When a Good Deal . . . Isn’t.

A very recent decision out of California’s Central District Bankruptcy Court highlights the boundaries of “commercial reason” and “diligence” where distressed asset sales are concerned.

In re 1617 Westcliff, LLC (Case No. 8:12-bk-19326-MW) involved the court-approved sale of the debtor’s real property under a purchase agreement in which the debtor and the purchaser agreed to use their “commercially reasonable and diligent efforts” to obtain the approval of the debtor’s mortgage lender for the assumption of the mortgage debt by the buyer.  If the approval was not obtainable, the buyer had the right to terminate the transaction.  The buyer also had the right to terminate the deal if the assumption required payment of more than a 1% assumption fee.

As is sometimes the case where due diligence remains while a deal is approved, things didn’t quite work out as planned.  Unfortunately, the bank proved less cooperative than the parties had anticipated.  More importantly, however, the buyer notified the debtor-seller 4 days prior to closing that it would not proceed with the transaction as structured, but might be willing to proceed if the transaction was framed as a tax deferred exchange.

The debtor was, understandably, somewhat less than receptive to restructuring the deal at the 11th hour.  It insisted that the buyer proceed with the transaction as originally agreed and as approved by the court.  In response, the buyer effectively walked away.  The parties then made competing demands on the escrow company regarding the buyer’s $200,000 deposit, and filed cross-motions with Bankruptcy Judge Mark Wallace to enforce them.

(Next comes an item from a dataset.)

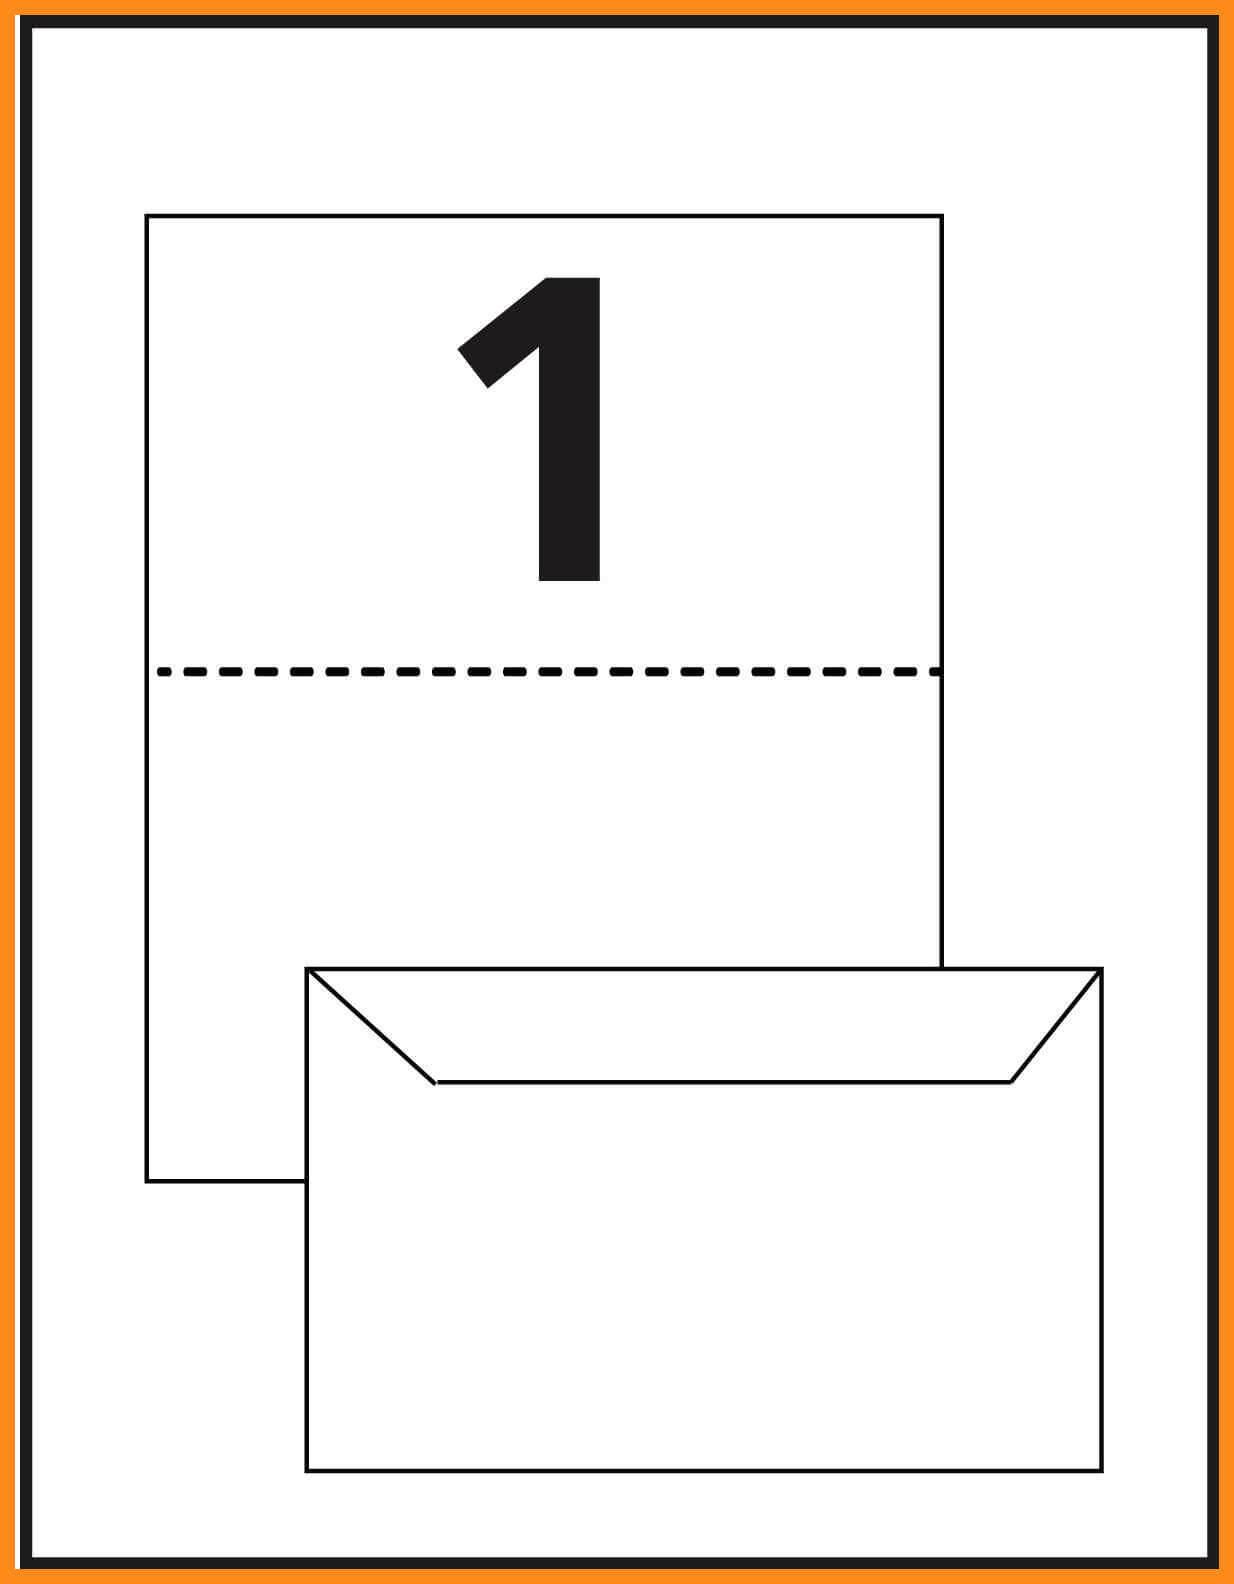 12-13 Blank Quarter Fold Card Template | Lascazuelasphilly inside Blank Quarter Fold Card Template
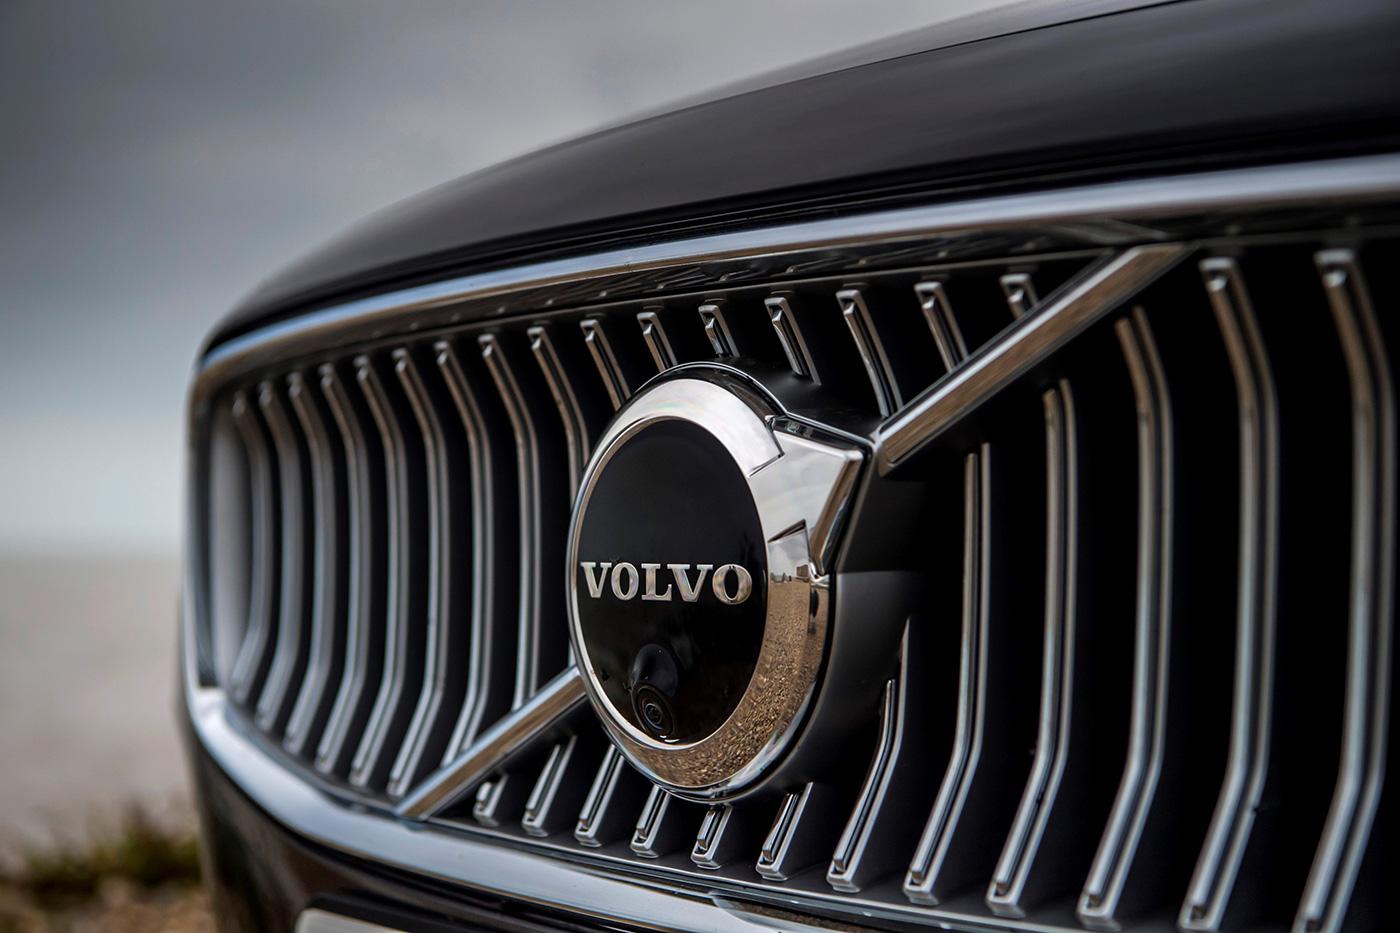 Volvo logo on grill

In a brief, 11-page decision, Judge Wallace found that the buyer’s renunciation of the deal 4 days before closing was a material breach of the buyer’s obligation to use “commercially reasonable and diligent efforts” to obtain assumption consent:

The Purchase Agreement required [the buyer] to keep working in good faith for an assumption until the close of business on May 10, 2013, not to throw up its hands and to propose – at the eleventh hour – a wholesale restructuring of the purchase transaction in a manner completely foreign to the Purchase Agreement.  On [the date of the proposal] there were still four days left to reach agreement with the Bank, but [the buyer] chose (five months into the deal) to abandon the assumption.  It was not commercially reasonable nor was it diligent for [the buyer] to cease negotiations with the Bank relating to the assumption of the loan under these circumstances.
Judge Wallace found that due to this breach the debtor was entitled to retain the $200,000 deposit.  He found further that the buyer, by offering to purchase the property in a restructured transaction, had failed to effectively terminate the deal.  Instead, the buyer had indicated that it was “eager to keep the Purchase Agreement in force (on terms other than those agreed to).”  Since the deal had not terminated, the buyer remained under a duty to continue to use reasonable efforts to obtain the bank’s consent.  Its failure to do so caused the loss of its deposit.

Bill of sale sedan 1927

Bill of sale sedan 1927 (Photo credit: dlofink)

The 1617 Westcliff decision (the unpublished slip copy is available here) serves as a reminder to buyer’s counsel of the unique nature of distressed asset purchases.  The Bankruptcy Court which originally approved the purchase remains available and prepared to resolve any issues which may arise prior to closing, often at a fraction of what it would cost to get a Superior Court involved in connection with an unraveled private sale.  And conditions and contingencies to the sale must be carefully drafted and observed.  This applies even to common asset-purchase “boilerplate” such as “commercial reasonableness” and “diligence.”